Search code examples
c#regexunicodehex

Regular expression to match the string representation of non ascii characters \u0000-\u007F from a string and replace with empty string in C#?


I am getting hexadecimal representation of unicode characters in my string and want to replace that with empty string. More specifically, trying to match all values within \u0000-\u007F in a string using regex to replace it with empty string with C#.

Example 1:

InputString: "\u007FTestString"

ExpectedResult: TestString

Example 2:

InputString: "\u007FTestString\U0000"

ExpectedResult: TestString

My current solution does

            if (!string.IsNullOrWhiteSpace(testString))
            {
                return Regex.Replace(testString, @"[^\u0000-\u007F]", string.Empty);
            }

does not match the hexadecimal representation of the non-ascii character.

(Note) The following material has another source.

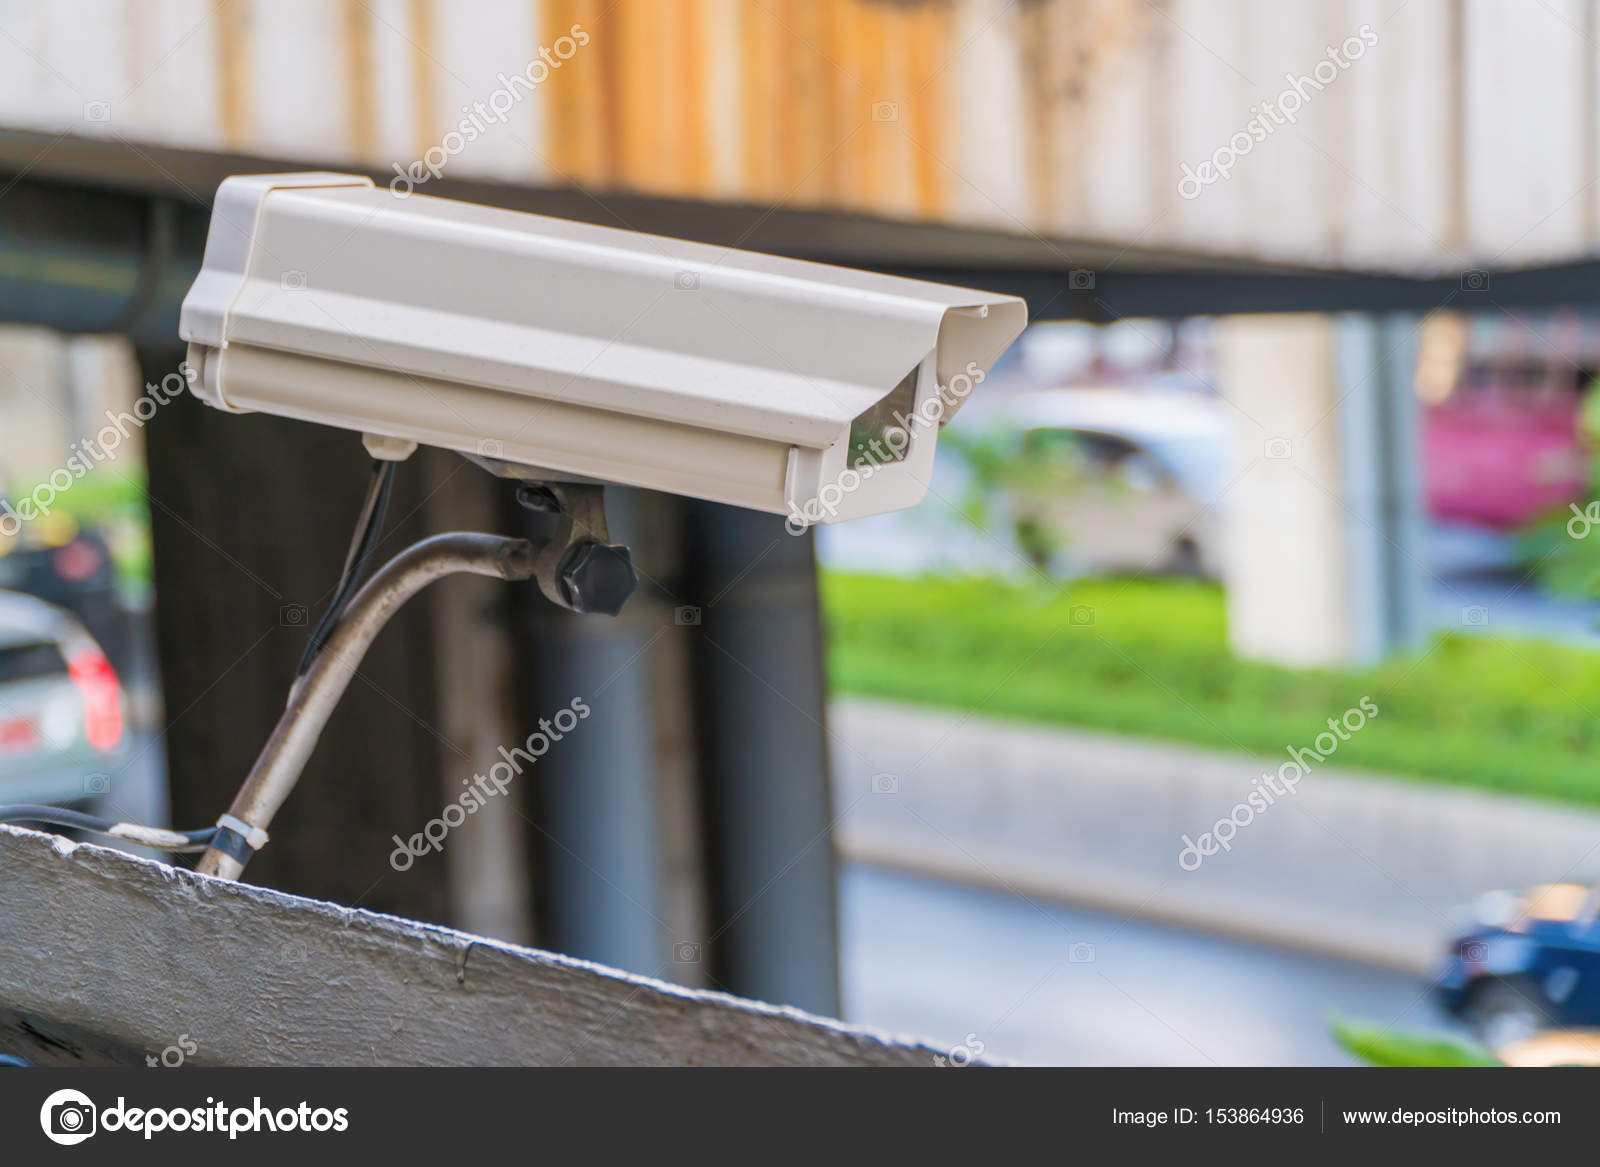 Circuito Fechado De Tv : C mera de segurança cctv circuito fechado de televisão no público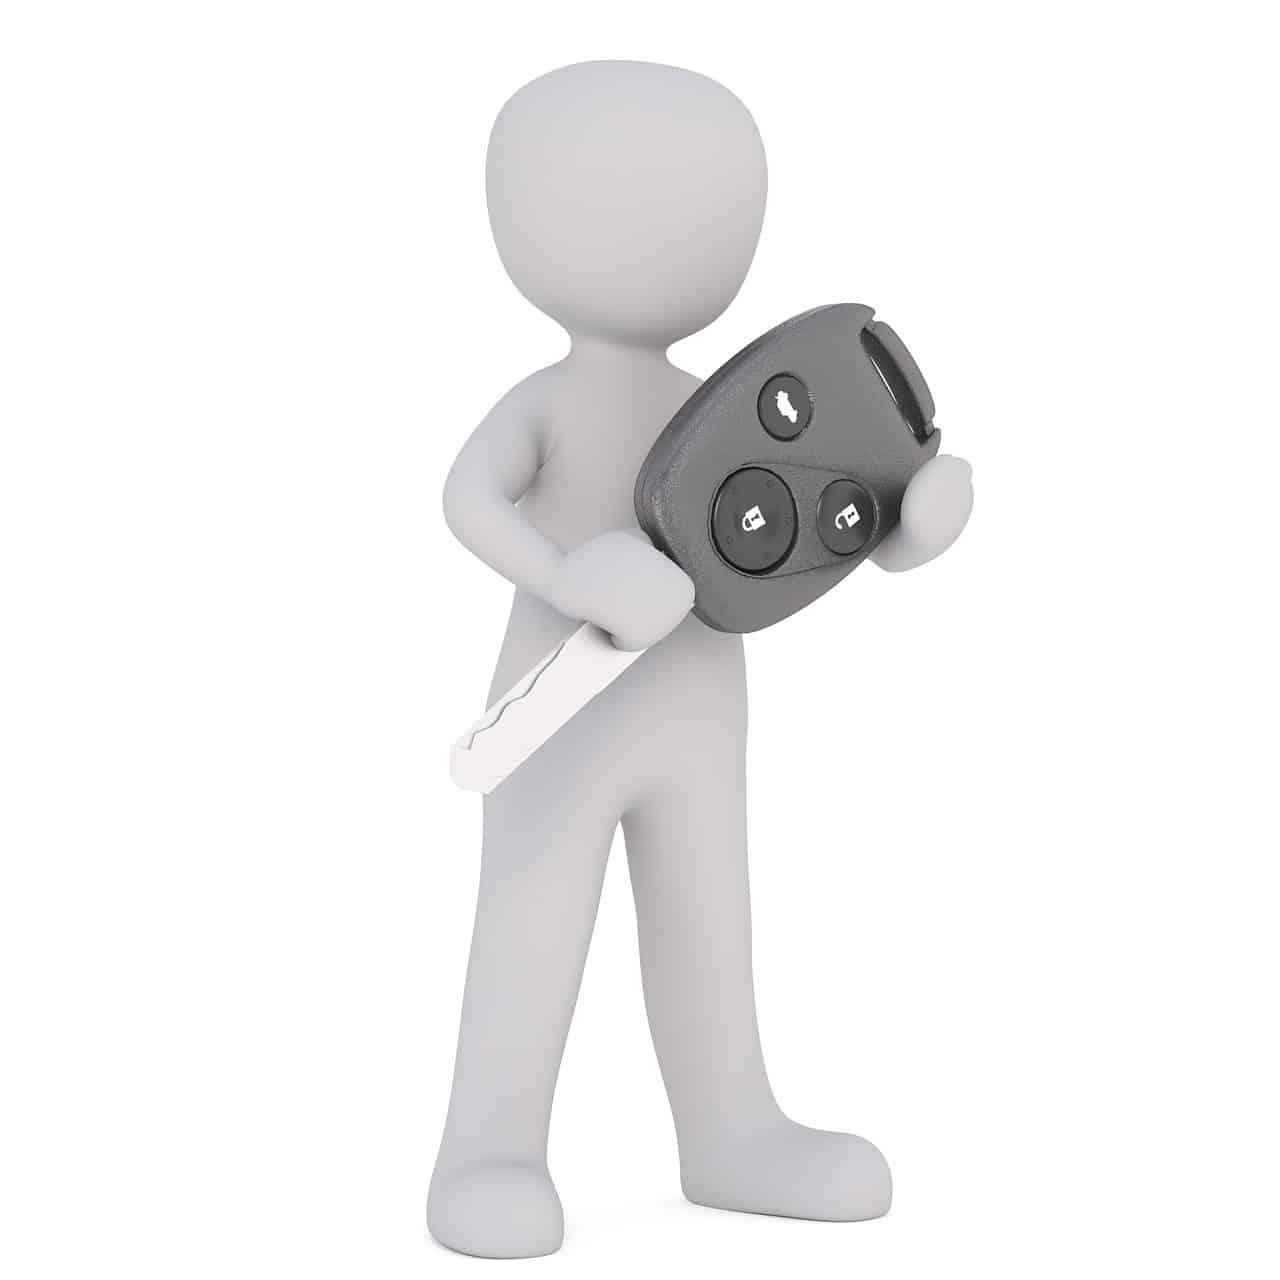 Buchbinder data leak - leak at the car rental company

How do i get it to match the \u0000-\u007F in the string ?

Any help is appreciated. Thank you!


Solution

  • You can use

    var result = Regex.Replace(@"\u007FTestString\U0000", @"\\[uU]00[0-7][0-9A-Fa-f]", "");
    

    The @"..." verbatim string literal syntax is required to make all backslashes literal characters that do not form any string escape sequences.

    Pattern details:

    • \\ - a backslash
    • [uU] - u or U
    • 00 - two zeros
    • [0-7] - a digit from zero to seven
    • [0-9A-Fa-f] - an ASCII hex digit char.